Ich hab vor kurzem mit Cubase angefangen und mich dementsprechend oft durch Infos und Foren gequält.
Irgendwo erinnere ich mich aufgeschnappt zu haben (Frag mich bitte nur nicht mehr nach der Quelle    ), daß Cubase eine Art Exclusivrecht auf die Audiokarte in Anspruch nimmt, und daß man das angeblich über die Programmeinstellungen ändern kann. Vielleicht hat hier noch jemand genauere Infos ... wie gesagt ich bin noch Anfänger 

Grüzze!


----------



## laCrizz (20. Juni 2005)

Hab da was gefunden was dir unter Umständen helfen könnte (von homercording.de) :
*
Priorität von Cubase SX verändern*
Wer Cubase parallel mit anderen Programmen betreiben will, stößt oft auf zwei Probleme: Entweder benötigt Cubase zu viel Prozessorleistung, so dass das andere Programm nur schleppend läuft. Oder die Sache ist umgedreht: Antiviren-Software, WWW-Clients oder was-auch-immer provizieren Cubase zu längeren Aussetzern und Wartezeiten.
Wer unter Windows 2000/XP auf STRG+ALT+ENTF drückt, gelangt in den Task-Manager. Unter der Registriertkarte sind alle aktiven Prozesse aufgelistet. Man kann nun auf den Prozess "Cubasesx.exe" mit der rechten Maustaste klicken und bei "Priorität festlegen" die gewünschte Priorität festlegen. Eine Erhöhung der Priorität von Cubase SX macht das Programm schneller, aber auch "exklusiver", so dass sich andere Programme hinten in die Schlange anstellen müssen.
Eine Erniedrigung der Priorität ist dann sinnvol, wenn man während der langen Mixdown-Zeit von Cubase SX andere Aufgaben erledigen will.

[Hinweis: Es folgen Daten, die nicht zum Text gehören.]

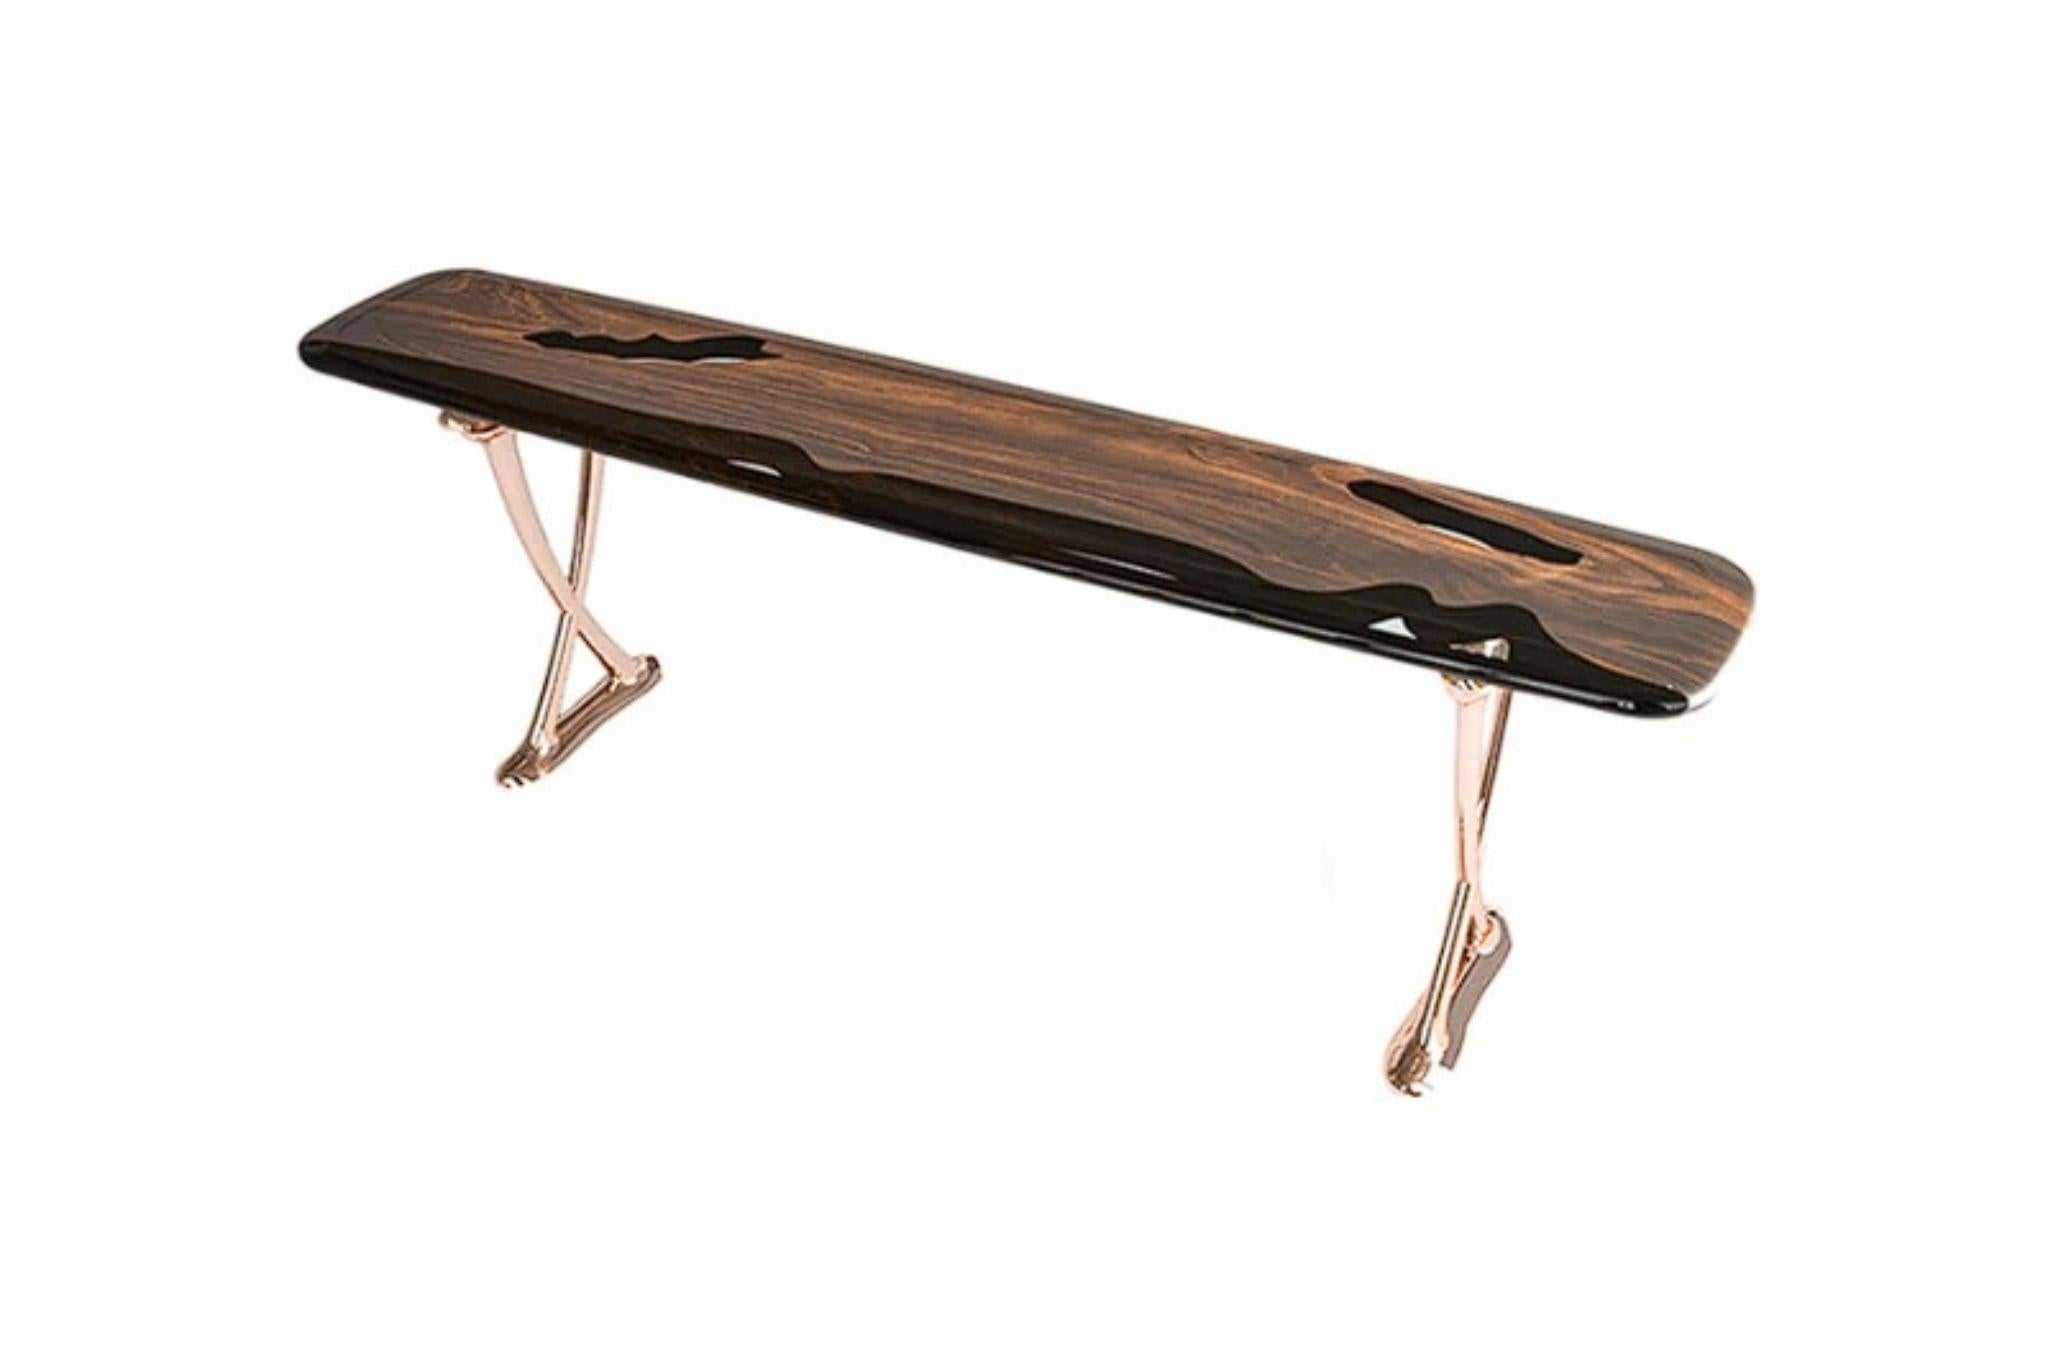 Nous sommes fiers de présenter la console MEDMA, un meuble étonnant fabriqué en bois de noyer riche et de haute qualité. La console est dotée d'un design unique qui allie avec art la beauté naturelle du bois à la résilience cristalline de la résine

Vielleicht hilft dir das mit deinem Reasonproblem....


----------



## liquidbeats (20. Juni 2005)

Crashtestdummy hat gesagt.:
			
		

> wenn ich Cubase SX starte und danach Reason 3.0 bekomme ich nur das Startbild von Reason zu sehen. Ich muß das Prog dann über den Taskmanager beenden.


 
 Grüß dich, darf ich Fragen wie Lange du wartest bis du Reason über diese Brutale art Beendest?
 Was hast du für ein System (Daten) das Reason kalte Beine bekommt wen Cubase geöffnet ist?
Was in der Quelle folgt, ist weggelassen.